嗜肺军团菌是一种可能危及生命的肺炎的病原体，称为军团病。一旦被人类吸入，军团菌进入肺部，在那里它可以感染肺泡巨噬细胞，专门的免疫细胞内复制。军团菌不被巨噬细胞降解，而是利用感染的细胞进行细胞内复制循环。如果不及时治疗，这种呼吸道感染的死亡率高达30%。在过去的15年里，美国的军团病病例数量增加了四倍，使军团菌成为一个重大的健康威胁和相当大的经济负担。 我们致力于研究军团菌如何绕过我们的免疫系统并引起疾病，以便我们能够开发更好的方法来对抗其毒力策略。 人类经常暴露于军团菌，因为军团菌普遍存在于淡水栖息地，如冷却塔，水箱，淋浴喷头或喷泉。军团病的大规模爆发发生在污染水源的水被雾化并随后被人类吸入时。免疫功能低下的个体、婴儿或老年人感染的风险较高。 像许多其他微生物病原体一样，军团菌已经开发出各种策略来利用它们的人类宿主并引起疾病。他们使用一种称为IV型分泌系统（T4SS）的专门蛋白质易位机器将大量蛋白质（所谓的效应物）注入受感染的宿主细胞。效应子调节宿主内的信号事件，以创造有利于军团菌增殖的条件。详细了解军团菌的效应子及其毒力策略对于开发能够预防和治疗这种危险的肺炎的新型疗法至关重要，并将深刻改善人们的生活和福祉。 在过去的资助期间，我们继续在破译嗜肺军团菌的毒力策略方面取得重大进展。 以前对军团菌的研究一直被这种细菌产生近300种效应子的事实所混淆，这些效应子通常具有重叠的功能。这些效应子之间的功能冗余对研究人员提出了挑战，以确定这些效应子中最关键的，最有希望的药物靶点。我们现在已经在军团菌中开发了一种新的基因沉默工具，利用CRISPR干扰（CRISPRi）的力量不仅抑制单个基因，而且抑制整个细菌基因组。使用这种CRISPRi工具，我们询问了来自嗜肺军团菌的200多种毒力因子，现在正在观察细胞内病原体的表型，其中以前很少有报道，从而为解密嗜肺军团菌毒力机制奠定了基础。 最近，我们开发了一种改进的CRISPRi工具，该工具允许多重基因沉默来寻找同时沉默时使军团菌毒性降低的基因。 在一项概念验证研究中，我们使用这种方法来探测一组高度保守的跨膜效应子，以了解它们在人类巨噬细胞中军团菌复制过程中的重要性。几个基因组合被确定为至关重要的，这些命中已成为我们未来研究的重点，目标是开发抑制性化合物。 在感染人类免疫细胞的过程中，军团菌驻留在一个膜封闭的隔室或空泡中，以远离宿主细胞。然而，当细菌开始复制时，这种“拯救避风港”是一个挑战，因为周围的空泡也必须扩大，以便为越来越多的军团菌后代提供空间。我们的研究发现军团菌通过毒力因子VpdC控制空泡扩张。VpdC催化改变液泡膜的脂质组成，以促进其扩张。太多或太少的VpdC干扰适当的空泡扩张，使军团菌毒性降低，这表明阻断其空泡的协调扩张是治疗军团菌和相关病原体感染的一种新的治疗方法。

项目成果

RavN is a member of a previously unrecognized group of Legionella pneumophila E3 ubiquitin ligases.

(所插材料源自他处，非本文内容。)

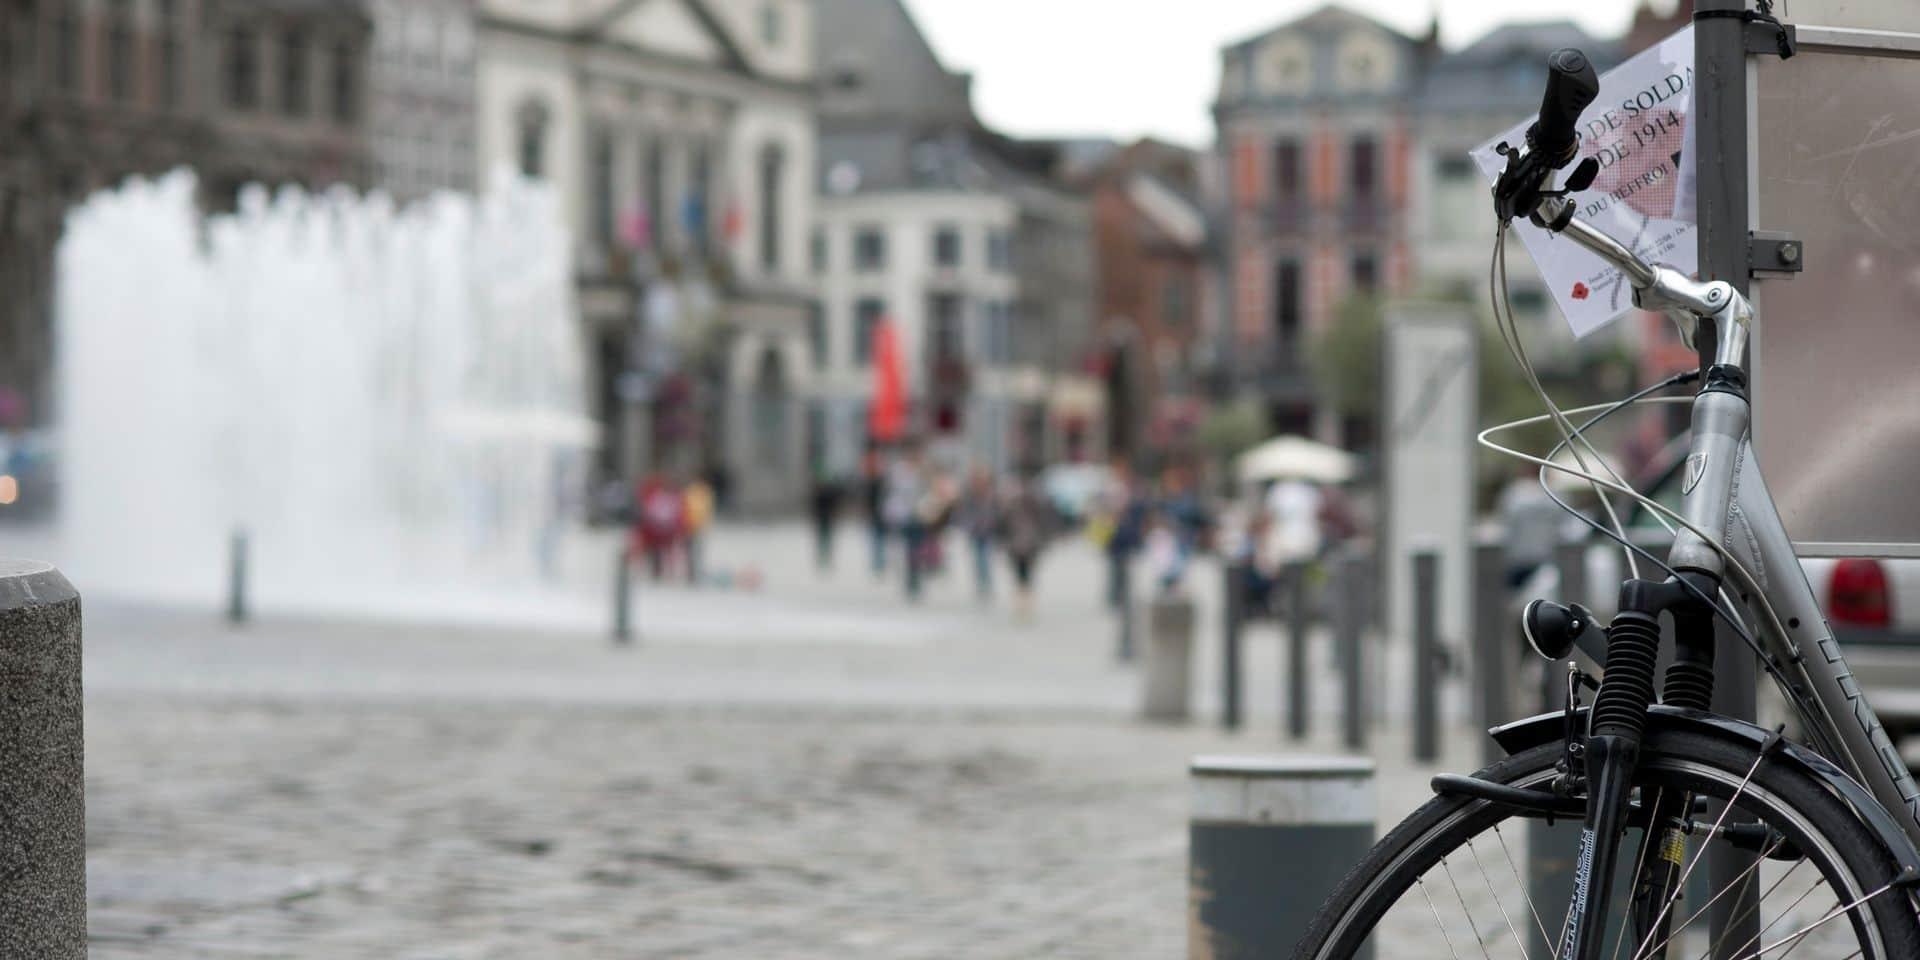 Mons: Le relais rustine? Une forme de clientélisme plutôt gonflée selon Georges-Louis Bouchez

• DOI: 10.1371/journal.ppat.1006897
• 发表时间: 2018-03
• 期刊: PLoS pathogens
• 影响因子: 6.7
• 作者: Lin YH;Lucas M;Evans TR;Abascal-Palacios G;Doms AG;Beauchene NA;Rojas AL;Hierro A;Machner MP
• 通讯作者: Machner MP

Host-pathogen interaction profiling using self-assembling human protein arrays.

• DOI: 10.1021/pr5013015
• 发表时间: 2015-04-03
• 期刊: JOURNAL OF PROTEOME RESEARCH
• 影响因子: 4.4
• 作者: Yu, Xiaobo;Decker, Kimberly B.;Barker, Kristi;Neunuebel, M. Ramona;Saul, Justin;Graves, Morgan;Westcott, Nathan;Hang, Howard;LaBaer, Joshua;Qiu, Ji;Machner, Matthias P.
• 通讯作者: Machner, Matthias P.

Catch and release: Rab1 exploitation by Legionella pneumophila.

捕获并释放：嗜肺军团菌对 Rab1 的利用。

• DOI: 10.4161/cl.1.4.18933
• 发表时间: 2011
• 期刊: Cellular logistics
• 作者: Machner,MatthiasP;Chen,Yang
• 通讯作者: Chen,Yang

The Legionella Effector Kinase LegK7 Hijacks the Host Hippo Pathway to Promote Infection.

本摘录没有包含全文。